In addition to other answers, one reason Python and most other multi-paradigm languages are not well suited for true functional programming is because their compilers / virtual machines / run-times do not support functional optimization. This sort of optimization is achieved by the compiler understanding mathematical rules. For example, many programming languages support a map function or method. This is a fairly standard function that takes a function as one argument and a iterable as the second argument then applies that function to each element in the iterable.

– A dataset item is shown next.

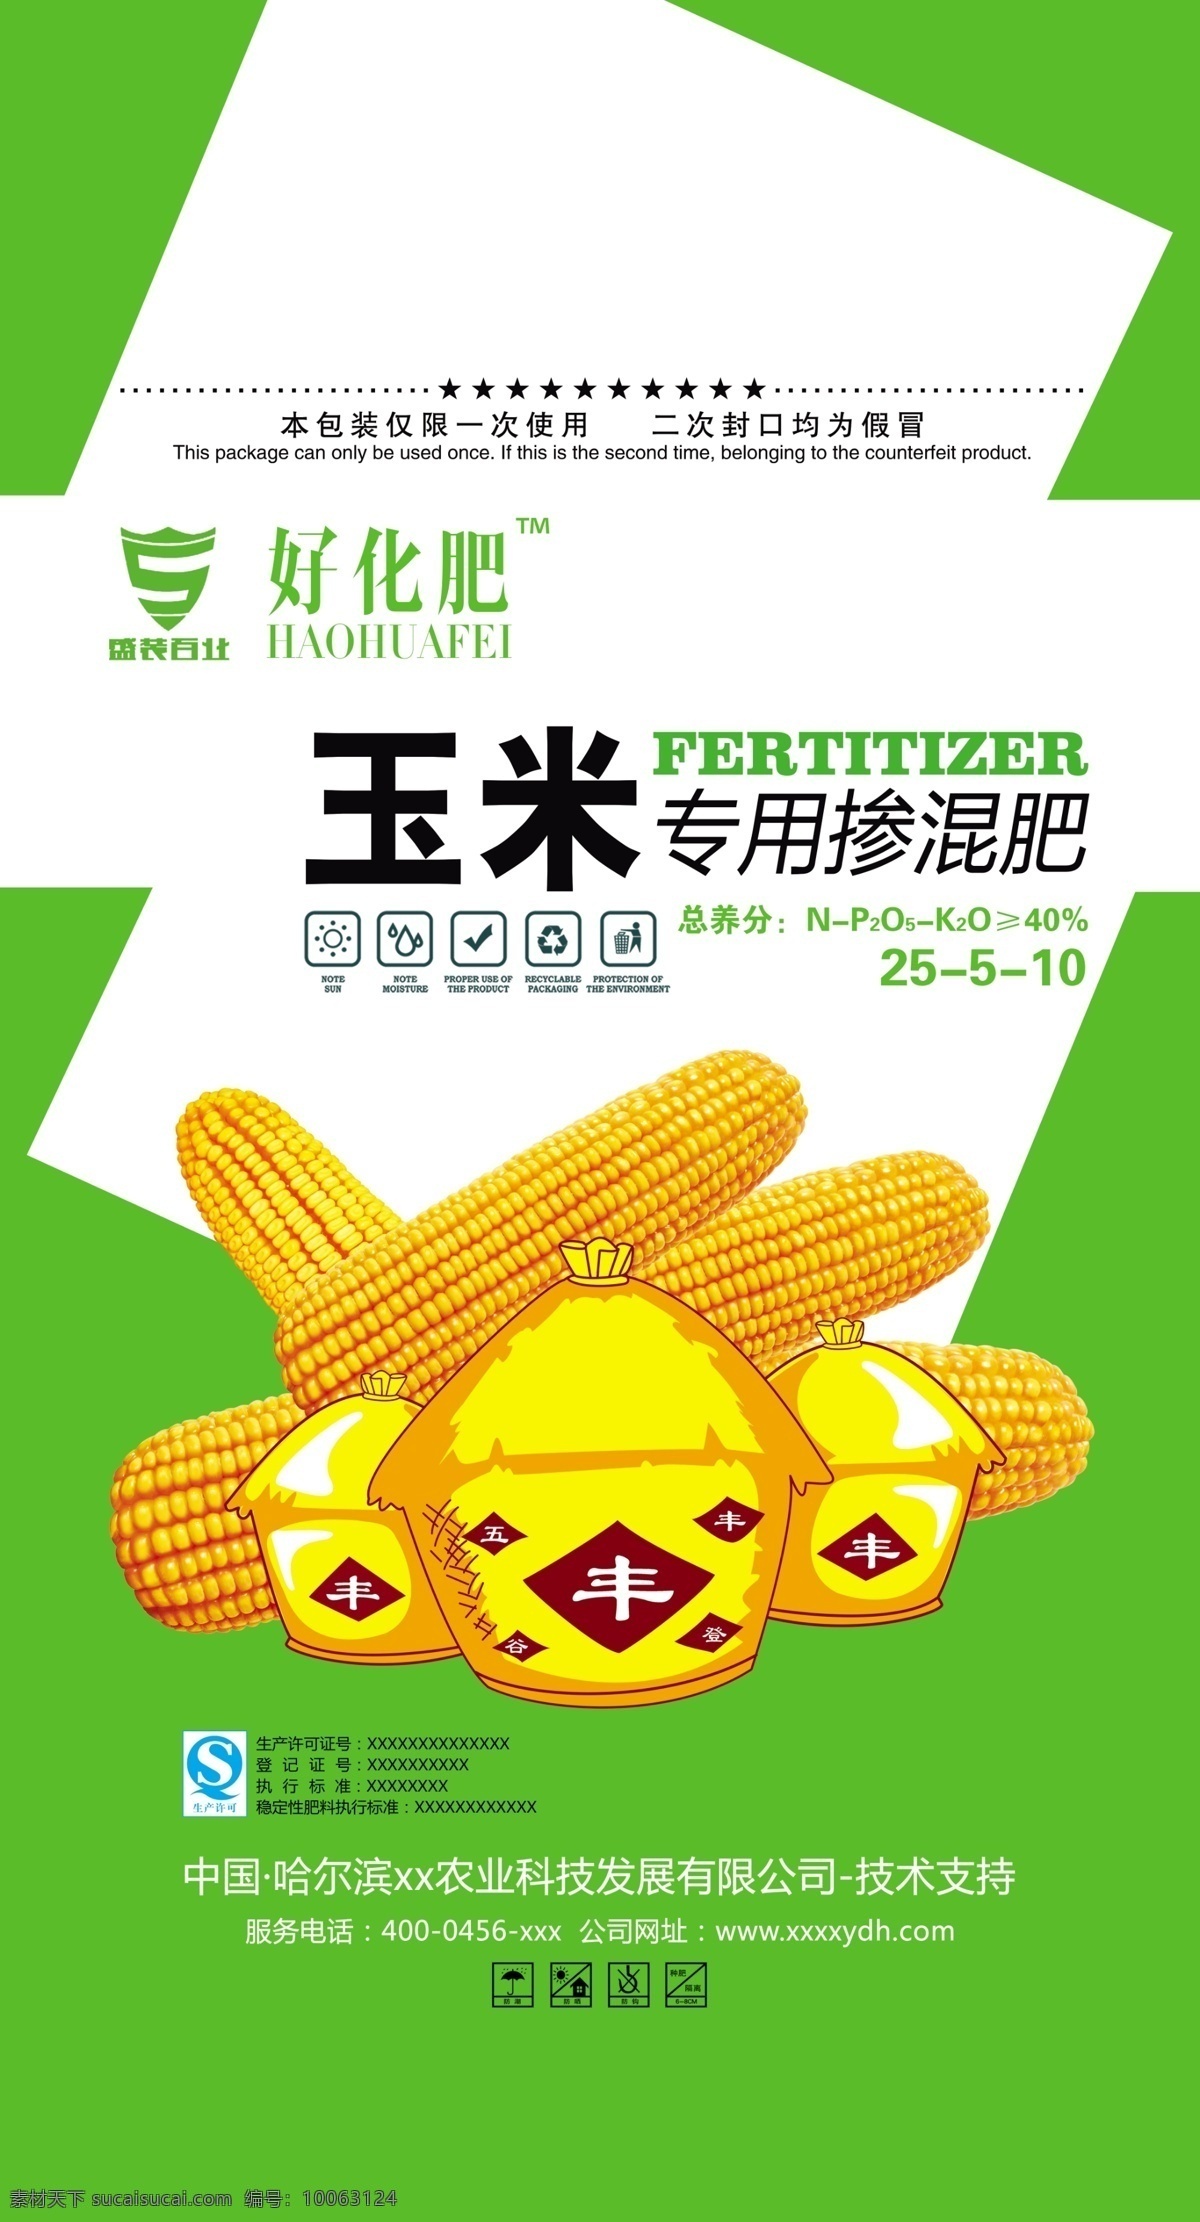 化肥 肥料 包装 平面图 玉米 大豆水稻 袋子 大米包装 包装设计

不管怎样，map(foo()， x) * map(foo()， y)和map(foo()， x * y)是一样的。后者实际上比前者快，因为前者执行两个副本，而后者执行一个副本。

更好的函数式语言能够识别这些基于数学的关系，并自动执行优化。不致力于函数式范式的语言可能无法优化。

我从来不会称Python为“函数式”，但无论何时我用Python编程，代码总是几乎完全是函数式的。

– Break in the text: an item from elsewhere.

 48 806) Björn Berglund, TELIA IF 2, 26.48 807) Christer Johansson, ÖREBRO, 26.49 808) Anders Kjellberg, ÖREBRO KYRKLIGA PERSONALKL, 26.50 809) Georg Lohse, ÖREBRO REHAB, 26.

不可否认，这主要是由于非常好的列表理解。所以我不一定建议Python作为函数式编程语言，但我建议使用Python的人进行函数式编程。

Guido对此有很好的解释。以下是最相关的部分:

I have never considered Python to be heavily influenced by functional languages, no matter what people say or think. I was much more familiar with imperative languages such as C and Algol 68 and although I had made functions first-class objects, I didn't view Python as a functional programming language. However, earlier on, it was clear that users wanted to do much more with lists and functions. ... It is also worth noting that even though I didn't envision Python as a functional language, the introduction of closures has been useful in the development of many other advanced programming features. For example, certain aspects of new-style classes, decorators, and other modern features rely upon this capability. Lastly, even though a number of functional programming features have been introduced over the years, Python still lacks certain features found in “real” functional programming languages. For instance, Python does not perform certain kinds of optimizations (e.g., tail recursion). In general, because Python's extremely dynamic nature, it is impossible to do the kind of compile-time optimization known from functional languages like Haskell or ML. And that's fine.

我从中得出两点结论:

该语言的创造者并不真正认为Python是一种函数式语言。因此，可能会看到“函数式”的特性，但不太可能看到任何明确的功能。 Python的动态特性抑制了您在其他函数式语言中看到的一些优化。当然，Lisp和Python一样是动态的(如果不是更动态的话)，所以这只是部分解释。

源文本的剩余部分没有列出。